EXERCISE DETAILS >> Lines from the one containing "An illustration of" through the end of the listing are what is wanted, given again exactly with both ends included and pictures left out.

SUPPLIED DATA >>

◆ ◆ ◆ ◆

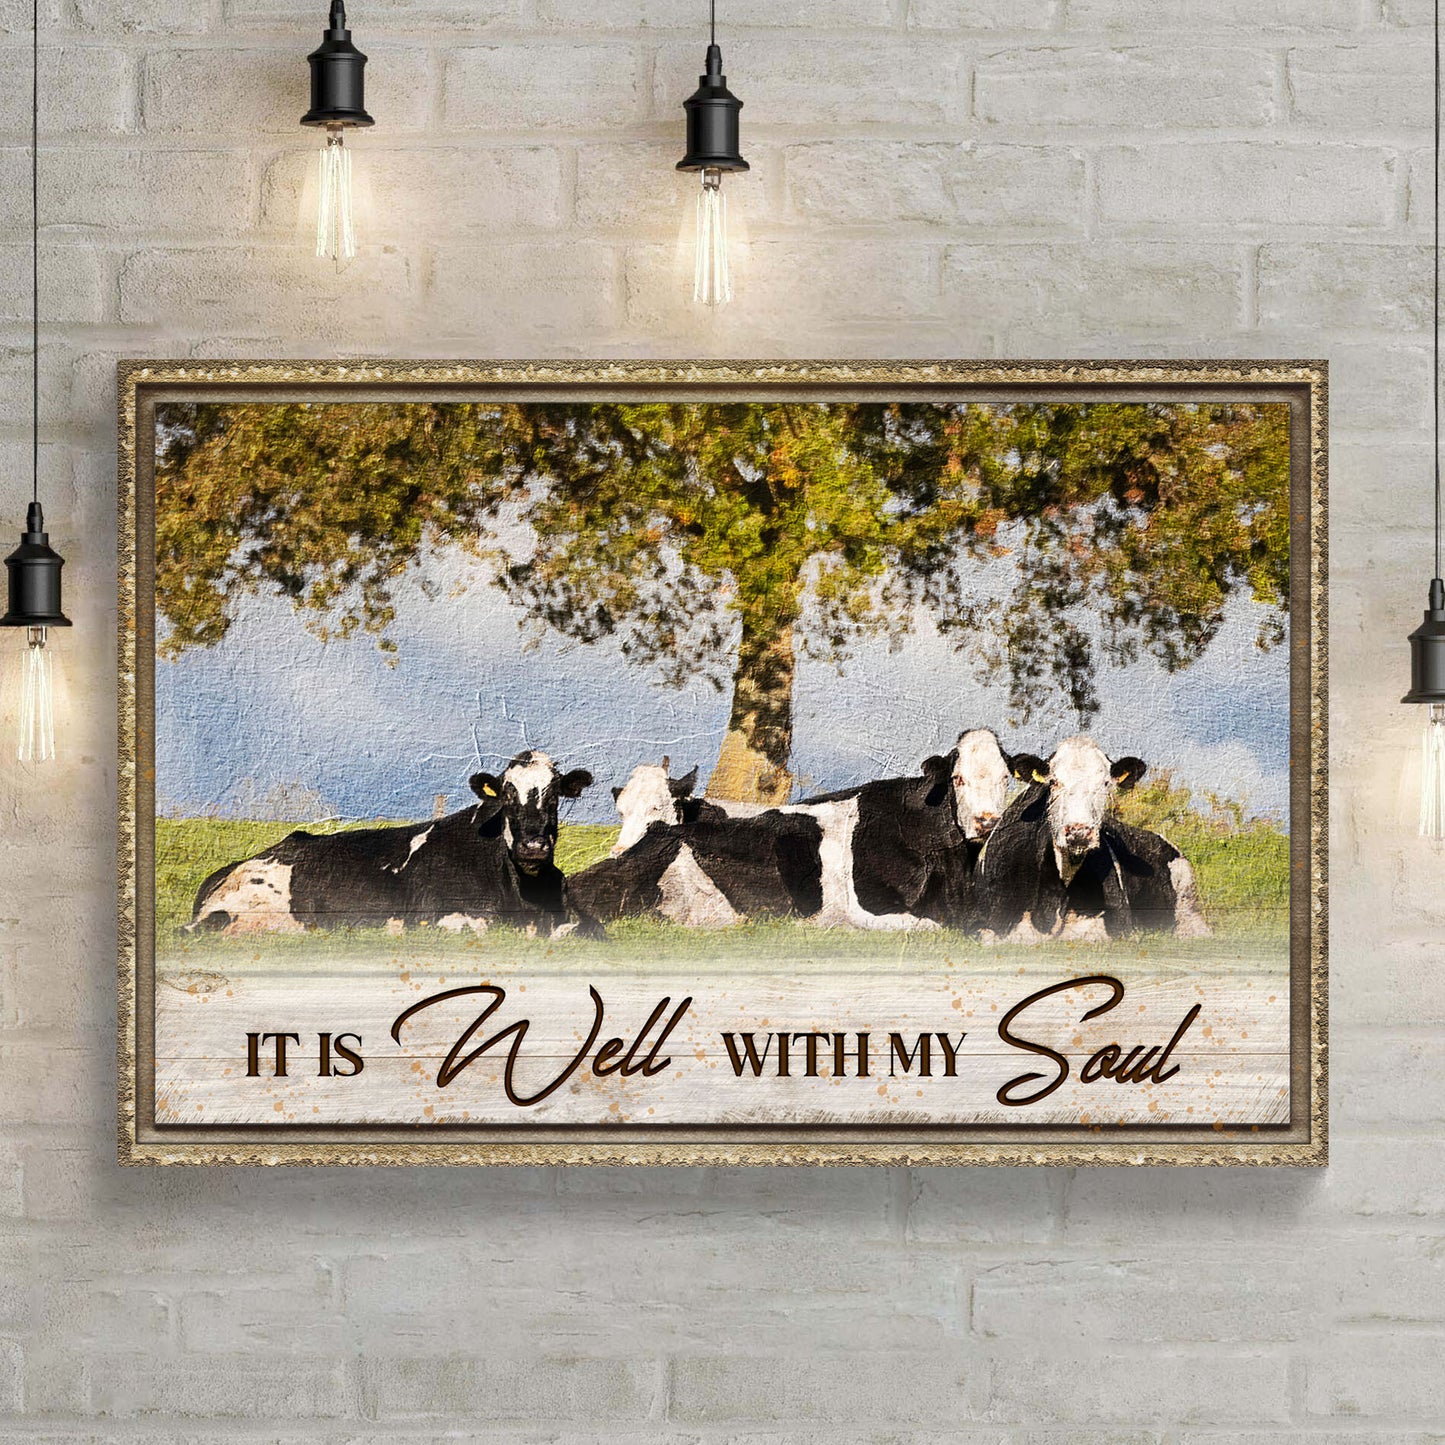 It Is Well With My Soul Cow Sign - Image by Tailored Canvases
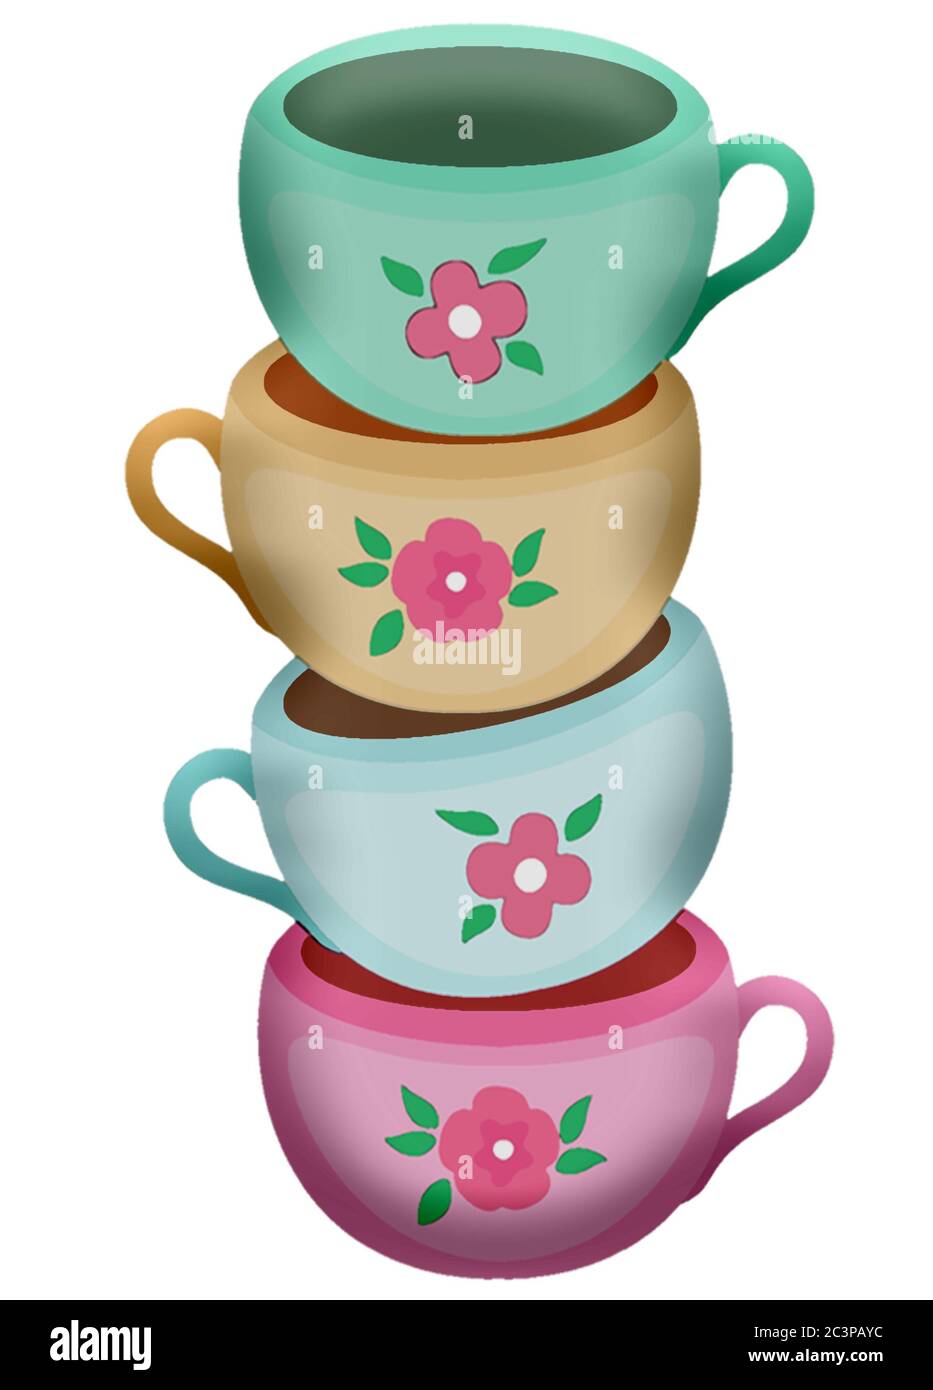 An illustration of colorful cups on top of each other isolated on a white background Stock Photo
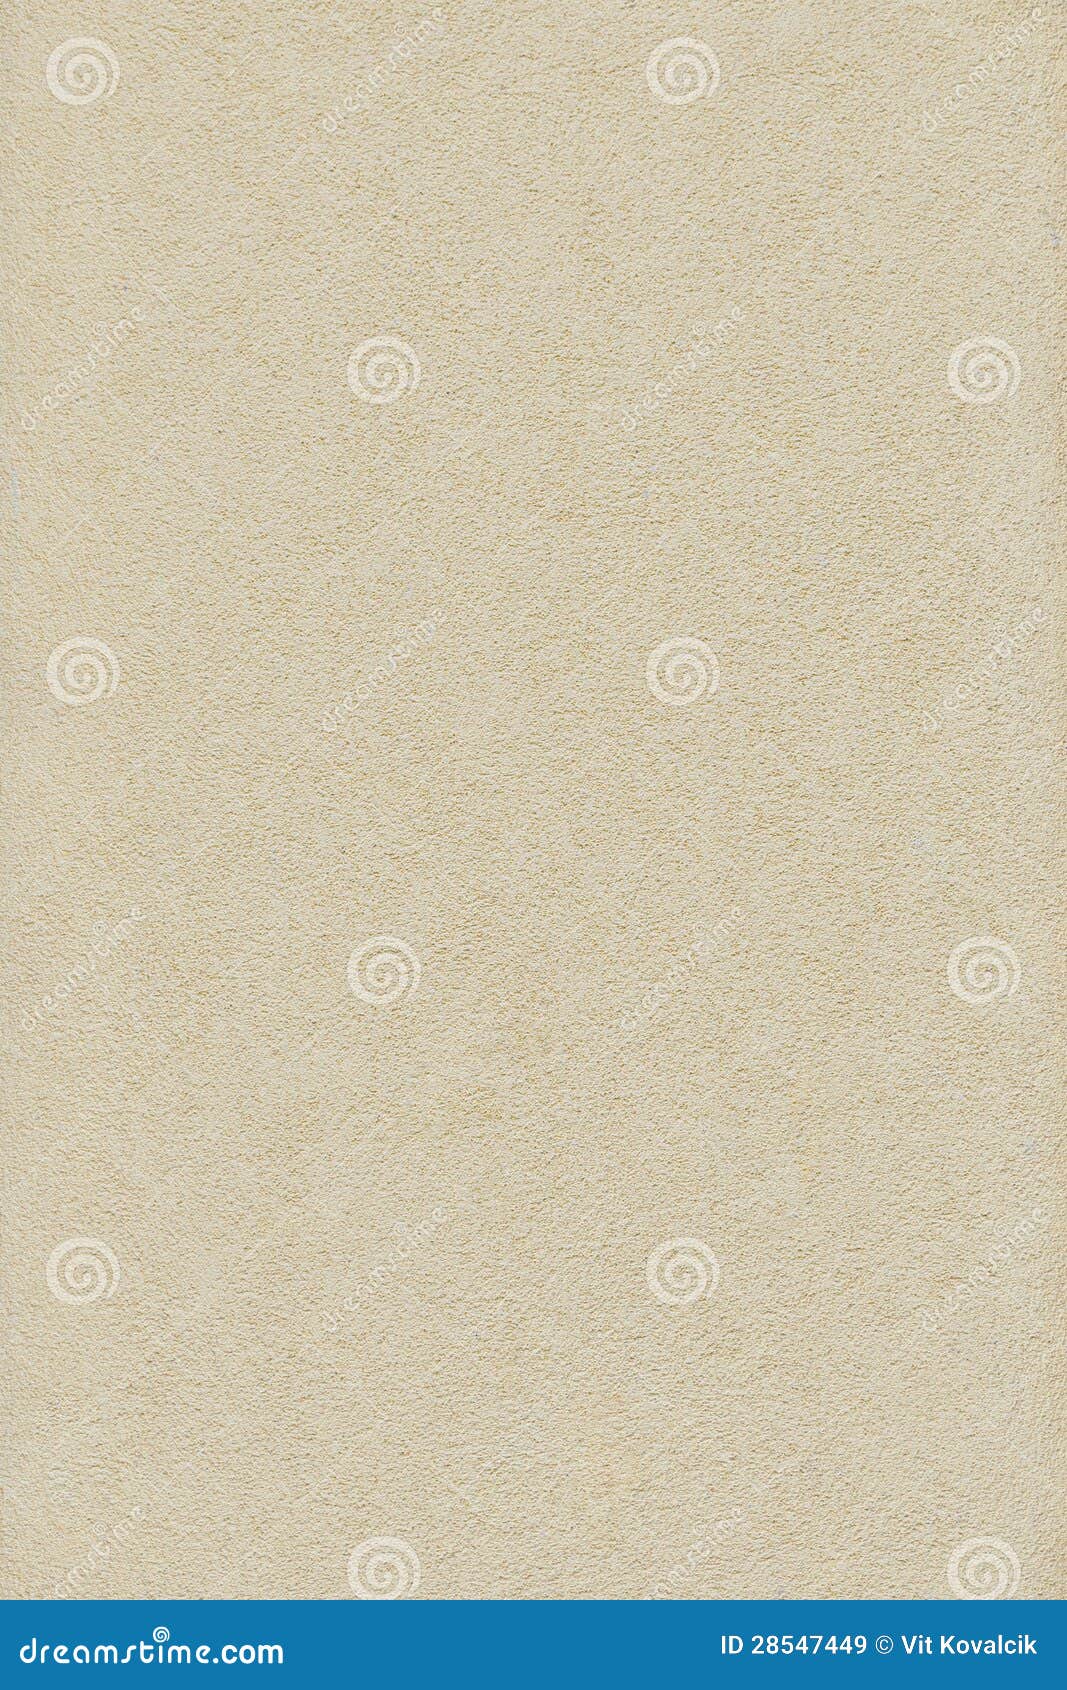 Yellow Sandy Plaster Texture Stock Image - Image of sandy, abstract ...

◆ ◆ ◆ ◆

RESPONSE BOX >>
 An illustration of colorful cups on top of each other isolated on a white background Stock Photo
 Yellow Sandy Plaster Texture Stock Image - Image of sandy, abstract ...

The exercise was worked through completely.